Opioids prescribed in the setting of acute pain can lead to chronic opioid use.10,11,12,13 Emergency department and surgical services have been a central focus of efforts to limit opioid prescribing due to their significant roles in acute pain management. Studies characterizing opioid utilization following surgical procedures and emergency department visits have informed institutional prescribing.14,15,16,17,18 There is a gap in studies characterizing opioid utilization from non-surgical medicine services, and guidelines that do exist for this population are based on expert consensus instead of utilization information.19,20,21 A large knowledge gap regarding short-term prescription of opioids at hospital discharge leaves open a need for opioid utilization assessments and optimization of opioid prescribing protocols in the setting of non-surgical patients. Non-surgical patients are defined as patients admitted for medical purposes that did not undergo a surgical procedure during hospitalization. This study aims to characterize the quantity, type, and indication of opioids prescribed for non-surgical patients on hospital discharge and quantify patient experience with opioid utilization post-discharge.

Methods

This retrospective cohort study undertaken for quality improvement purposes includes inpatients from across a multistate health system. Patients were eligible if discharged with a new opioid prescription for hydromorphone, oxycodone, hydrocodone, morphine, or tramadol between December 13, 2019, and April 10, 2020. Patients were identified through use of the electronic health record and were screened for inclusion if they were a non-surgical medicine patient who received an opioid prescription on discharge from one of 17 hospitals across four states (MN, WI, FL, AZ). Patients on inpatient hospital medicine services including internal medicine, family medicine, cardiovascular disease, pulmonary medicine, gastroenterology and hepatology, neurology, and nephrology were eligible for inclusion. Non-surgical trauma patients admitted to internal medicine services were also included. Patients were excluded if they were less than 18 years of age, discharged to hospice, had a diagnosis for cancer with active treatment, had refused Minnesota authorization for research, or had recent opioid use, defined as receiving an opioid prescription within the 90 days prior to their inpatient visit as indicated by admission and discharge medication lists.
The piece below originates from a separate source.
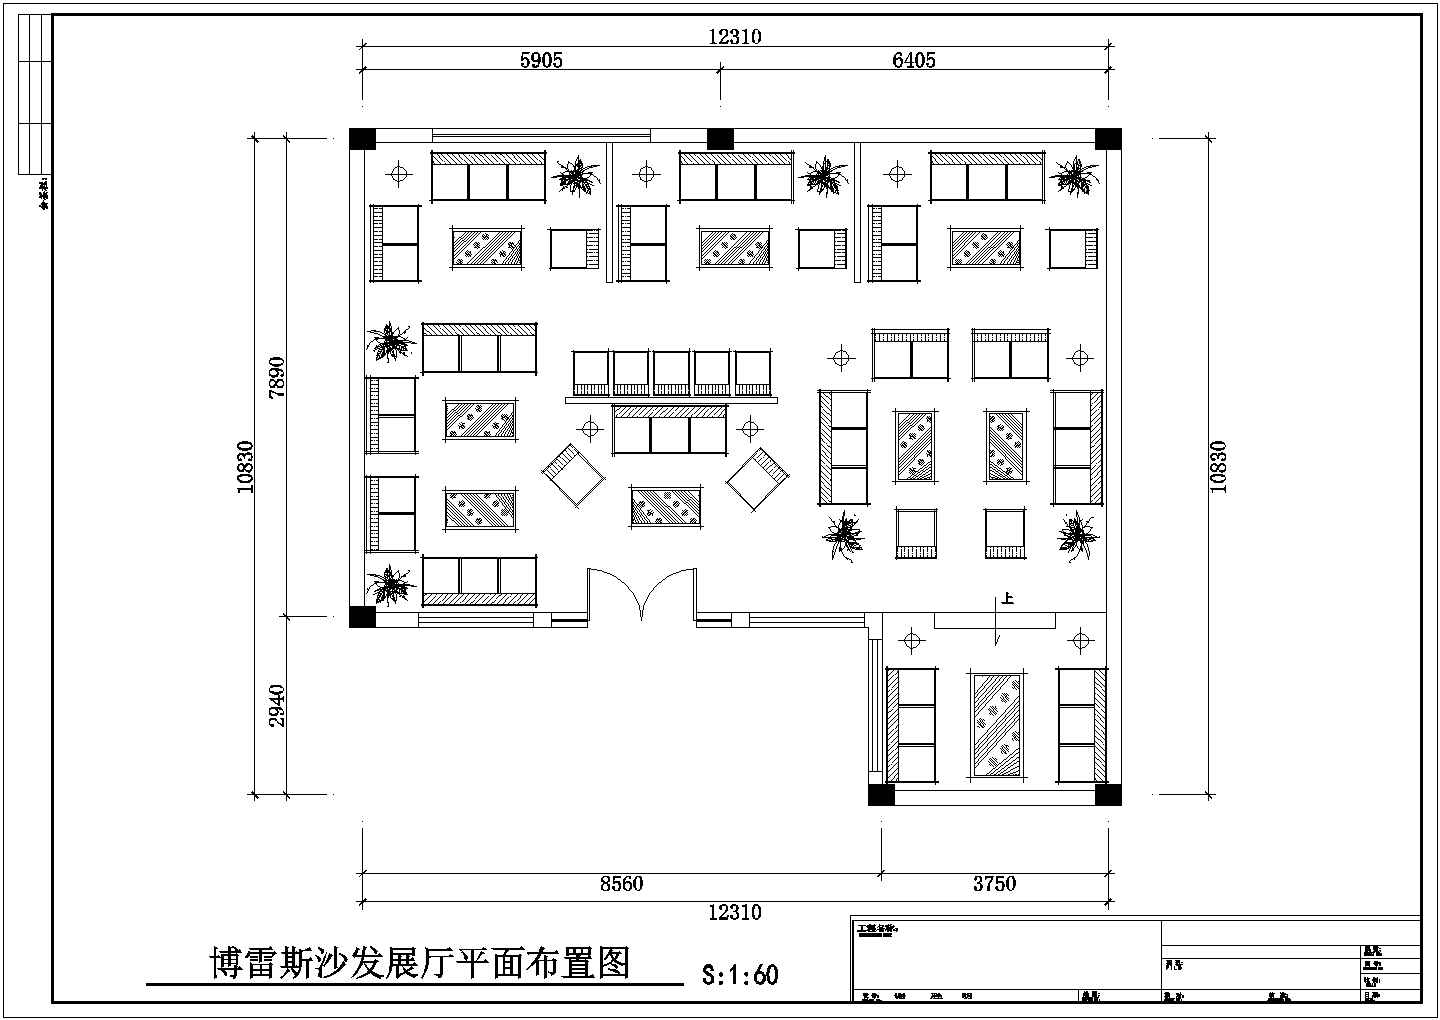 某长17.1米 宽16米 某沙发展厅CAD室内设计装修图【装修各平面布置图】

After screening for inclusion, patients were contacted by the Mayo Clinic Survey Research Center (SRC) approximately 2 to 4 weeks after hospital discharge for surveying. A 28-question survey was developed in collaboration with the SRC based on previous patient opioid utilization surveys completed at our institution to assess total opioid consumption, duration of opioid use, refill needs, patient satisfaction, use of alternative pain control strategies, and opioid disposal (Supplemental1).22 This initiative was conducted for quality improvement and deemed exempt by the institutional review board (IRB). The SRC reviewed questions to ensure they were written at an appropriate reading level and phrased to ensure patient understanding and obtained verbal consent from patients prior to initiating the survey. Surveys were completed between January 6, 2020, and May 1, 2020, with plans to survey 2 to 4 weeks after eligible patients were discharged. Eligible patients were identified on a rolling basis, and surveying was conducted until a total of 200 surveys were completed. All patient surveys were completed within 15–29 days of discharge, with a median time from discharge to survey completion of 21 days (IQR 18–23). Overall attempts were made to contact 374 eligible patients, with a survey response rate of 53% upon final completion of 200 surveys.

Patient demographics were collected for surveyed patients utilizing manual chart review. Past medical history, discharge disposition, health system location, indication for opioids, and inpatient length of stay were collected. Indication for opioid prescription was grouped into eight broad categories (abdominal, post-procedural, chest pain, back pain, joint pain, trauma pain, kidney pain, and other) by consensus of three authors (KE, CSB, and JC) after review of the hospital discharge diagnoses from electronic health record documentation. Additionally, opioid data for each patient was collected, including prescribed discharge opioid, dose, quantity, total prescribed morphine milligram equivalents (MME), maximum MME per day per prescription directions, prescriber specialty, and the total opioid MME dose administered in the 24 h prior to discharge.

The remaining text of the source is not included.